We also have around 40 miles (64 km) of off road paths, which are some of the best in the country, set amid spectacular scenery. If you're looking for exhilarating action, try one of the many off-road trails or mountain bike centres at locations such as Ae Forest, Mabie Forest, Dalbeattie and Galloway Forest Park.
The National Cycle Network
A network of safe and attractive places to cycle and walk throughout the UK. There are over 10,000 miles of signed routes putting 75% of the UK population within 2 miles of the Network. There are two existing routes of National Cycle Network in Dumfries and Galloway:
National Cycle Route 7 runs from Carlisle to Inverness. In Dumfries & Galloway it covers 114 miles, passing through the main communities of Gretna Green, Annan, Dumfries, Castle Douglas (Scotland's Food Town), Kirkcudbright (Scotland's Artists' Town), Gatehouse of Fleet, Newton Stewart and a variety of visitor attractions.
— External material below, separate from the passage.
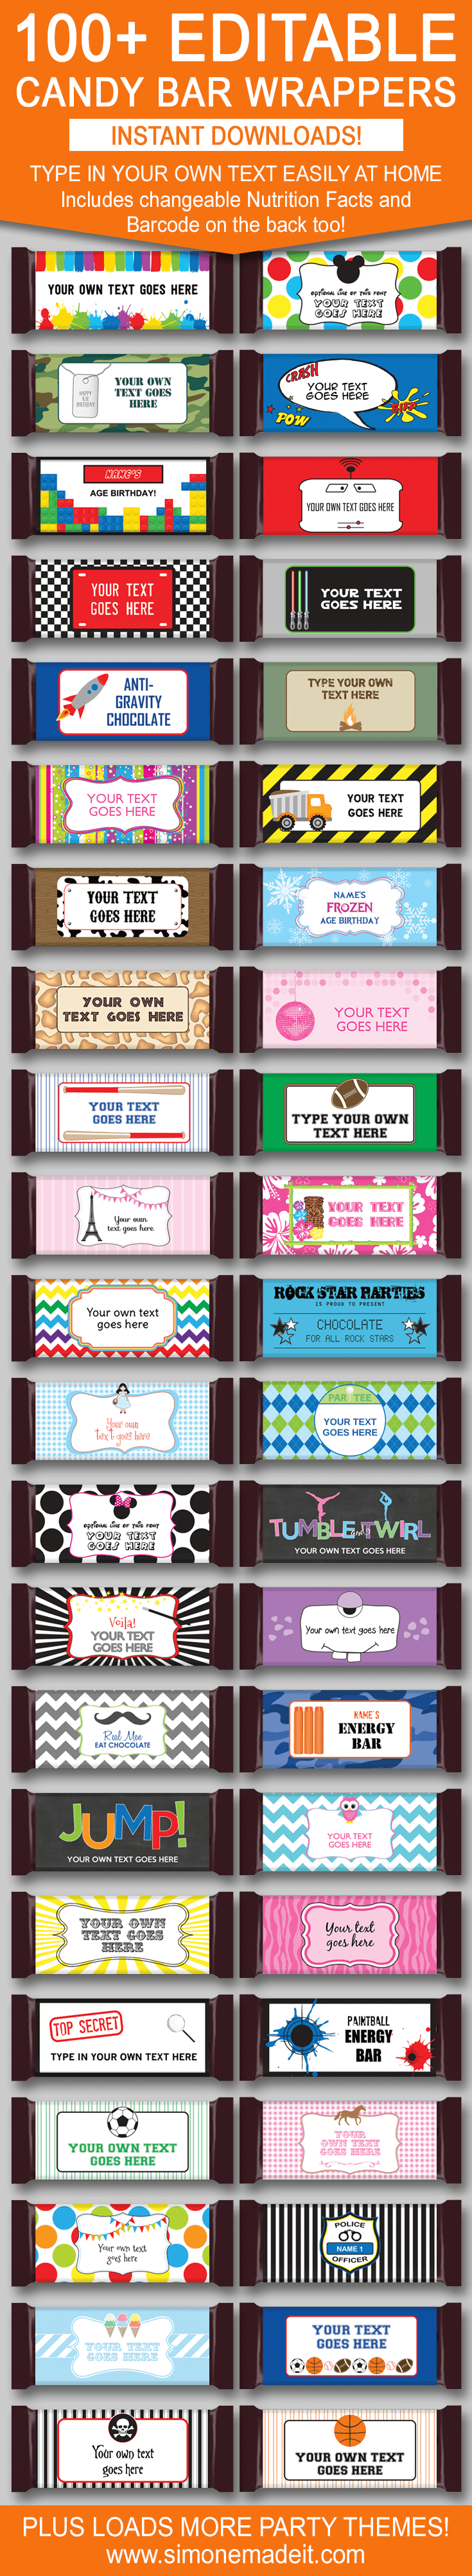 Diy Candy Bar Wrapper Templates | Party Favors | Chocolate Bar Labels - Free Printable Birthday Candy Bar Wrappers

National Cycle Route 74 runs for 44 miles and connects Route 7 to South Lanarkshire along quiet roads adjacent to the A74(M) motorway. It links to the Southern Upland Way, Britain's first coast to coast long distance footpath.
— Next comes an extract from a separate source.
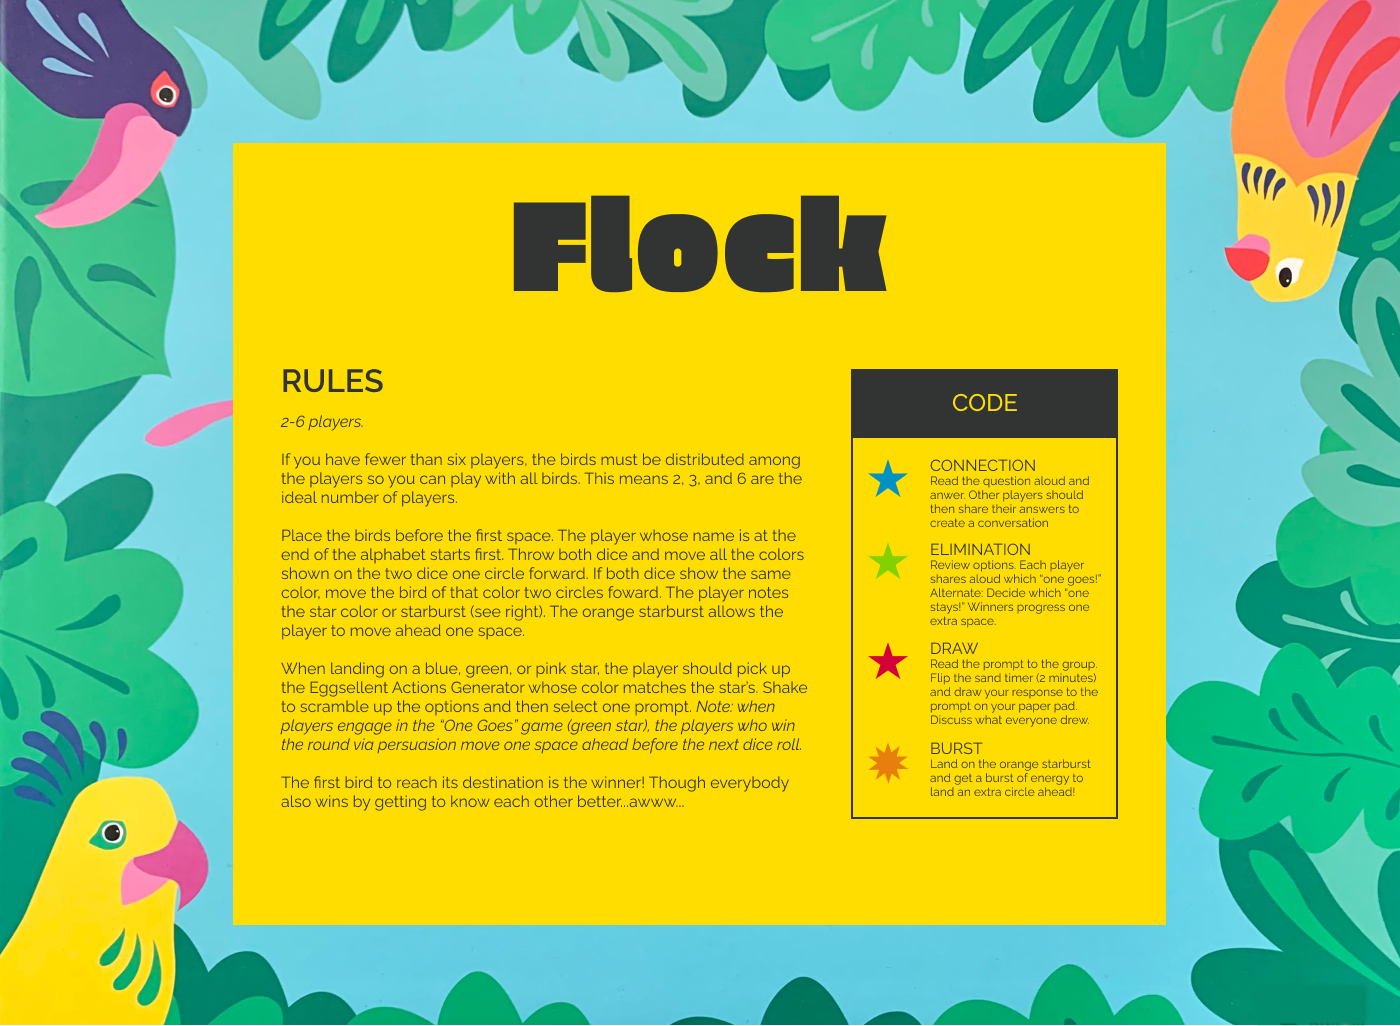 Rules for the game I'm calling Flock!

A further National Cycle Route (Route 73) is proposed to link National Cycle Route 7 at Newton Stewart with the National Cycle Network in Northern Ireland via the ferry terminals at Stranraer / Cairnryan. The route will pass through Wigtown (Scotland's Book Town).
The National Byway
The National Byway is a signed network or rural lanes and roads, reaching into the heart of British Heritage. With sections already established in England, the National Byway is expanding into Scotland.
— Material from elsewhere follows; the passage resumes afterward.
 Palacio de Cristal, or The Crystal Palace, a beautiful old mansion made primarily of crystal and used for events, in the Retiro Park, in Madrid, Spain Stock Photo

The Byway runs for 194 miles (312 km) in Dumfries & Galloway, in places sharing with the National Cycle Network and KM Trail, taking in attractive countryside, heritage sites and places of interests. The Byway passes through Langholm, Lockerbie, Ecclefechan, Annan, Dumfries, Moniaive, St John's Town of Dalry, Clatteringshaws and Newton Stewart, before following National Cycle Route 7 to the border with South Aryshire.
The KM Trail takes its name from the inventor of the pedal bicycle, Kirkpatrick Macmillan (1813 - 78). This route runs between Dumfries and Drumlanrig Castle and Country Park, home to the Museum of Cycling.
Constructed to commemorate the 150th anniversary of the pedal bicycle in 1990, the KM Trail passes through Keir Mill, the birthplace of the first bicycle. The Route takes cyclists by bridge over the River Nith, through Newbridge and along gently undulating roads to the settlements of Throughgate, Dunscore and Keir Mill.
Caledonian Cycle Route
The Caledonian runs between Locharbriggs and Dumfries Town Centre, through Heathhall, with links to Locharbriggs Primary School. Lochthorn Library and Dumfries Railway Station. It also provides route from Dumfries to the countryside surrounding Ae.
Local Cycle Route 10
Runs from the northern end of the Caledonain Cycleway on minor roads and forest roads to Beattock and Moffat creating a link between NCR7 Dumfries to NCR74 at Beattock.
Local Cycle Route 11
Is a circular route from Annan along the eastern side of the route a link has been created between NCR7 at Annan to NCR74 near Eaglesfield.
TC Glenkiln Loop
The circular route from Dumfries goes round Glenklin Reservoir and on route passes sculptures by Henry Moore, Sir Jacob Epstein and Auguste Rodin.
The low lying landscape of the Machars peninsula in Galloway is ideal for cycling. Four colour-coded signposted routes take cyclists around this attractive and varied area, which is rich in scenery, history, culture and wildlife.